= Eugenia Raskopoulos =

Australian artist

Eugenia Raskopoulos (born 1959) is a contemporary artist notable for her photographic and video work critiquing language, processes of translation, and the body. Raskopoulos' work has been shown in numerous Australian and International exhibitions, and was the winner of the Josephine Ulrick and Win Schubert Award for her work Vestiges #3, 2010.

Raskopoulos was born in the Czech Republic. She migrated back to Greece in 1959 with her family, then to Australia in 1963.

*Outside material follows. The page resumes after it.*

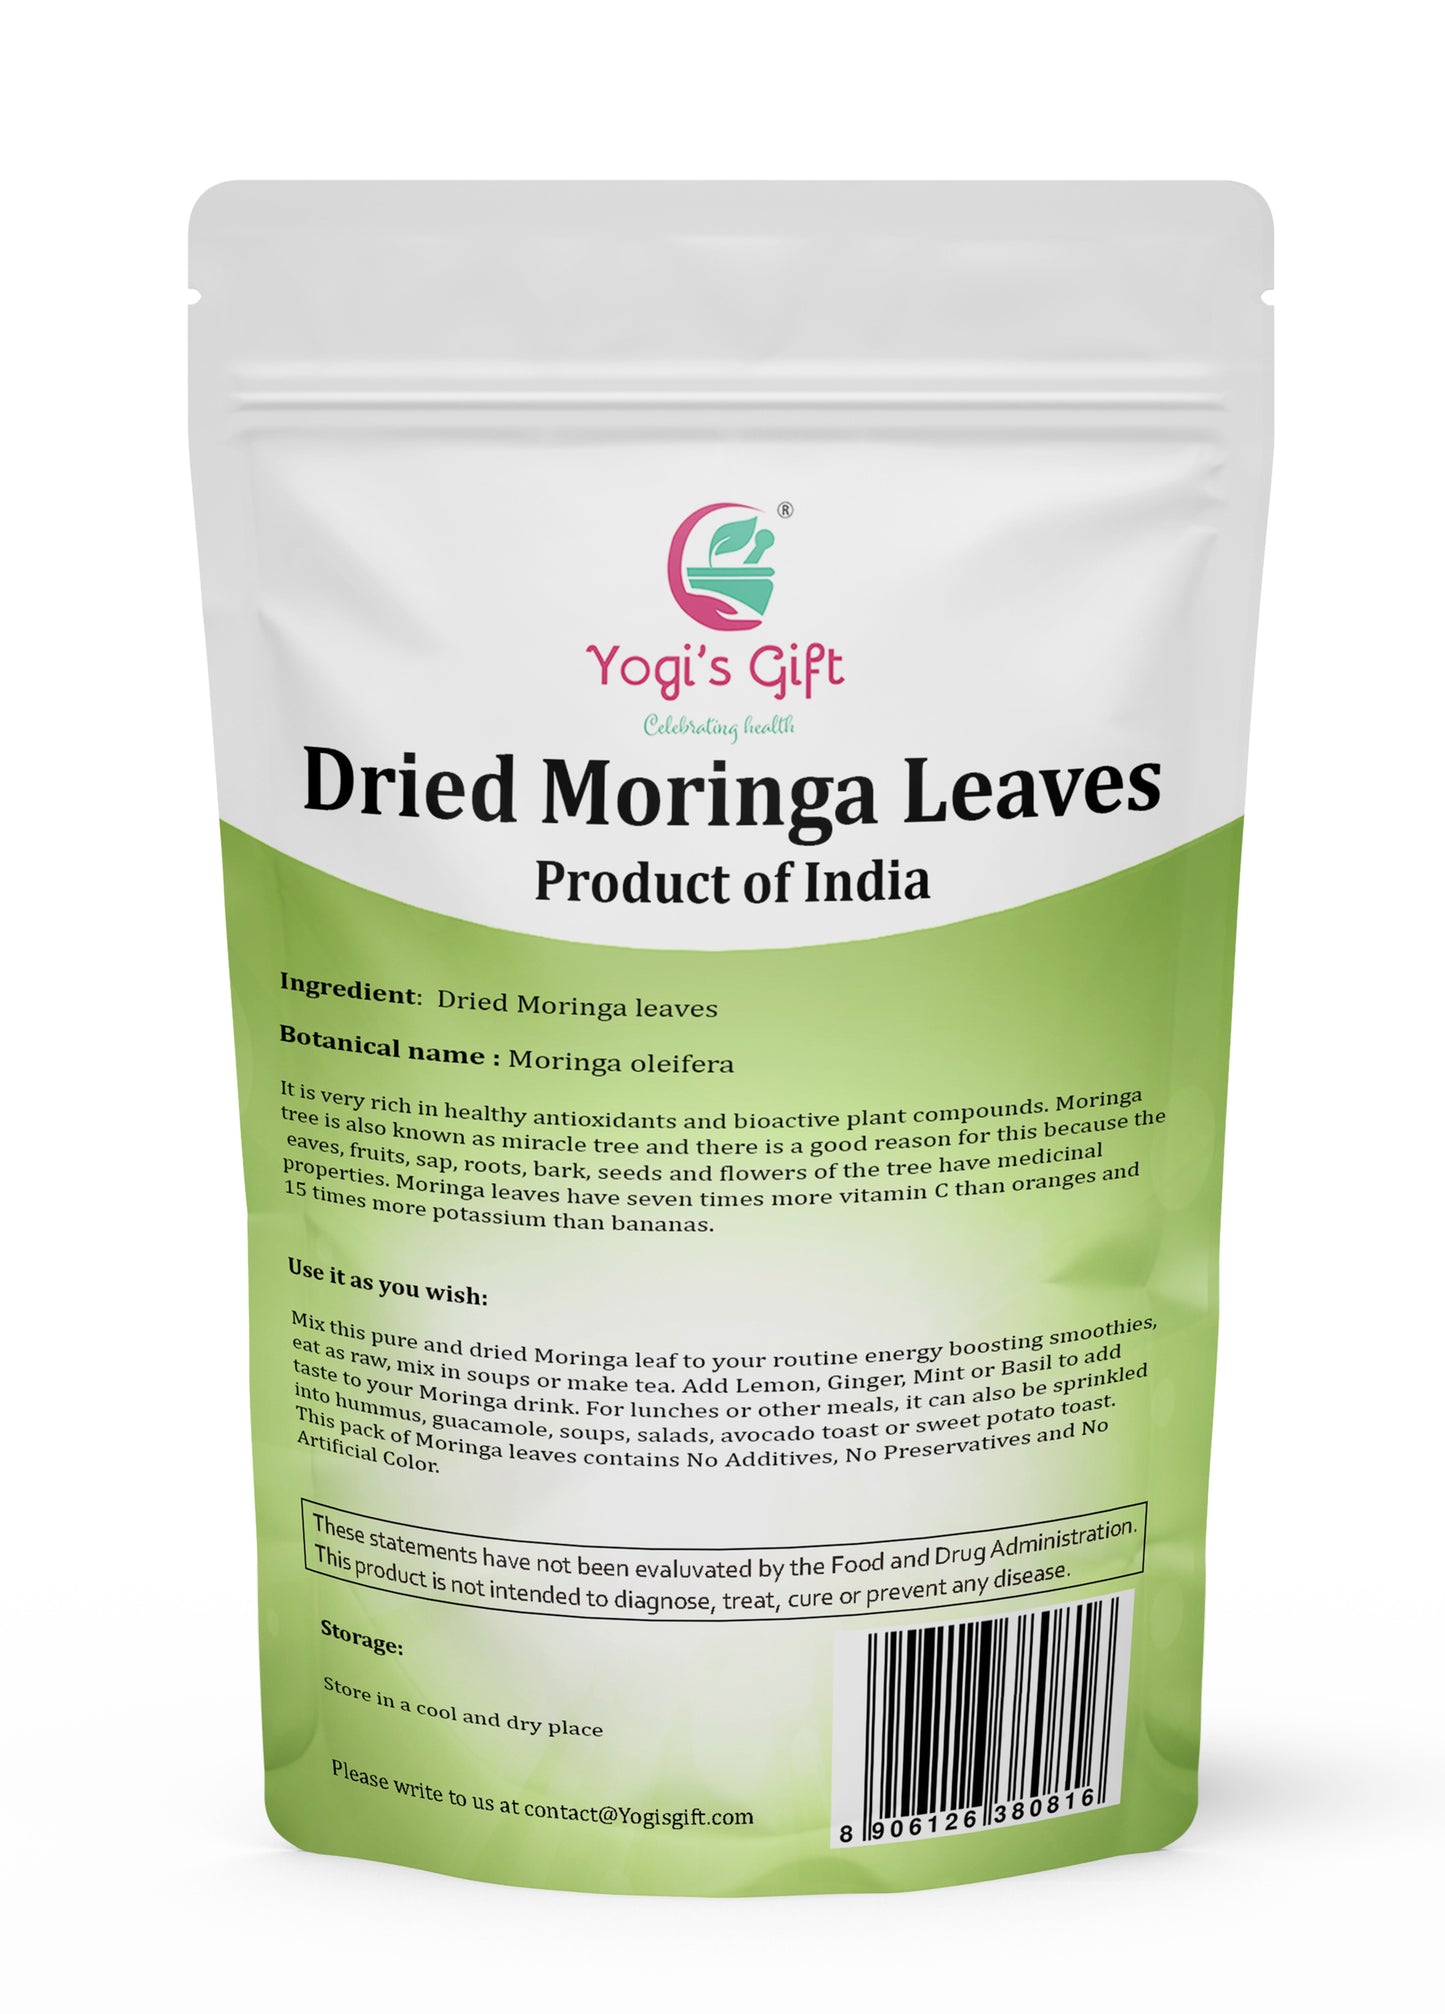 Moringa Leaves Loose 1 LB | Make tea, Springle on Salad, Ground and Use It | 100% Natural Moringa Leaf Only No Stems | Te De Moringa | Yogi's Gift®

Informed by the migrant experience, her works explore aspects of ‘otherness’, and she situates her work at the margins of photography and video, an interdisciplinary zone that synthesises performance, transcription, neon and installation. Her works also explore ideas of identity, translation, language and the body.

== Solo exhibitions ==
- Arc One Gallery
- Art Gallery of New South Wales
- Australian Centre for Photography
- Artspace
- Casula Powerhouse Arts Centre
- UQ Art Museum
- Art Beijing, China
- William Wright Artists Projects
- Darklight Photography Gallery

== Awards ==
- Josephine Ulrick and Win Schubert Award, 2012.
- MoMA scholarship for The Feminist Future conference from the Museum of Modern Art in New York.

== Publications ==
- Art Collector magazine: "Standout Exhibitions" by Daniel Mudie Cunningham.